LLM-Assisted Pseudo-Relevance Feedback
David Otero, Javier Parapar

TL;DR
This paper introduces a hybrid pseudo-relevance feedback method that uses an LLM-based filtering step to improve query expansion in information retrieval, reducing noise and enhancing relevance.
Contribution
It proposes a novel approach combining classical PRF with LLM filtering to enhance robustness and interpretability in query expansion.
Findings
Improved retrieval performance over baseline methods.
Effective reduction of noisy or tangential content in top-ranked documents.
Demonstrated across multiple datasets and metrics.
Abstract
Query expansion is a long-standing technique to mitigate vocabulary mismatch in ad hoc Information Retrieval. Pseudo-relevance feedback methods, such as RM3, estimate an expanded query model from the top-ranked documents, but remain vulnerable to topic drift when early results include noisy or tangential content.

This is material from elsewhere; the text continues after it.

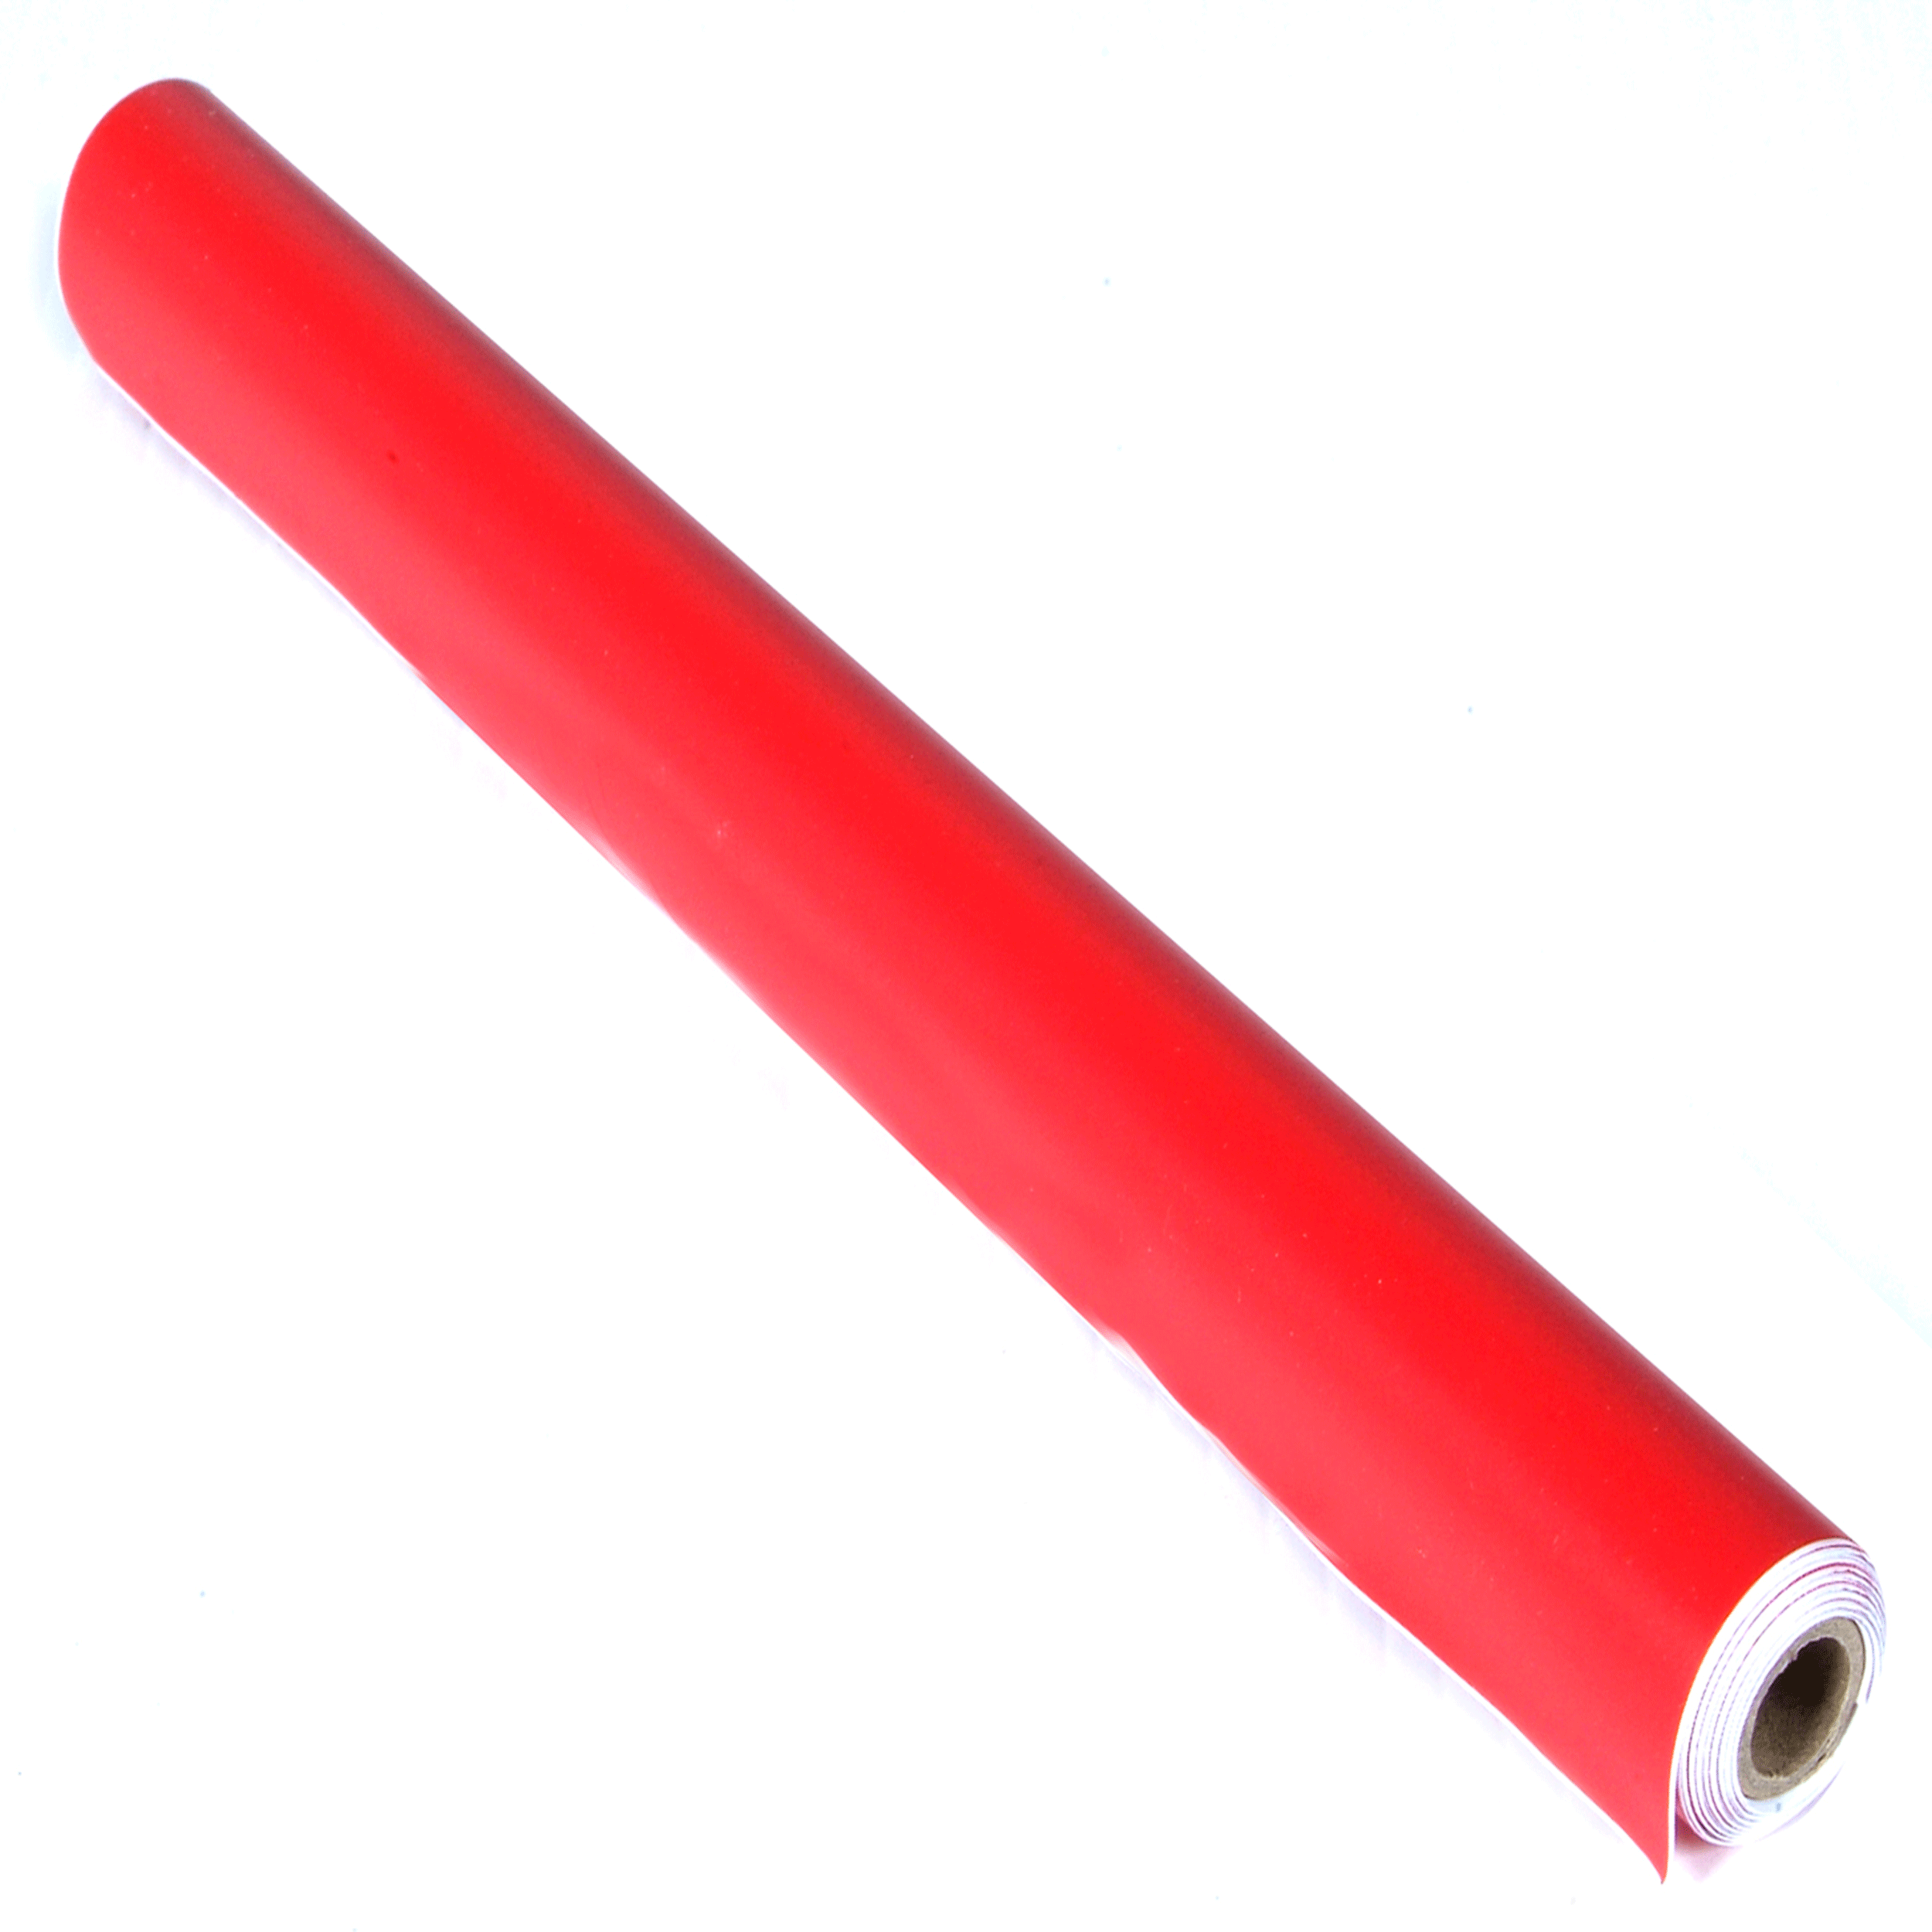 12" X 60" Shadow Board Red Vinyl Self-adhesive Tape Roll To Silhouette And Manage Tools And Equipment

Recent approaches instead prompt Large Language Models to generate synthetic expansions or query variants. While effective, these methods risk hallucinations and misalignment with collection-specific terminology. We propose a hybrid alternative that preserves the robustness and interpretability of classical PRF while leveraging LLM semantic judgement. Our method inserts an LLM-based filtering stage prior to RM3 estimation: the LLM judges the documents in the initial top- ranking, and RM3 is computed only over those accepted as relevant. This simple intervention improves over…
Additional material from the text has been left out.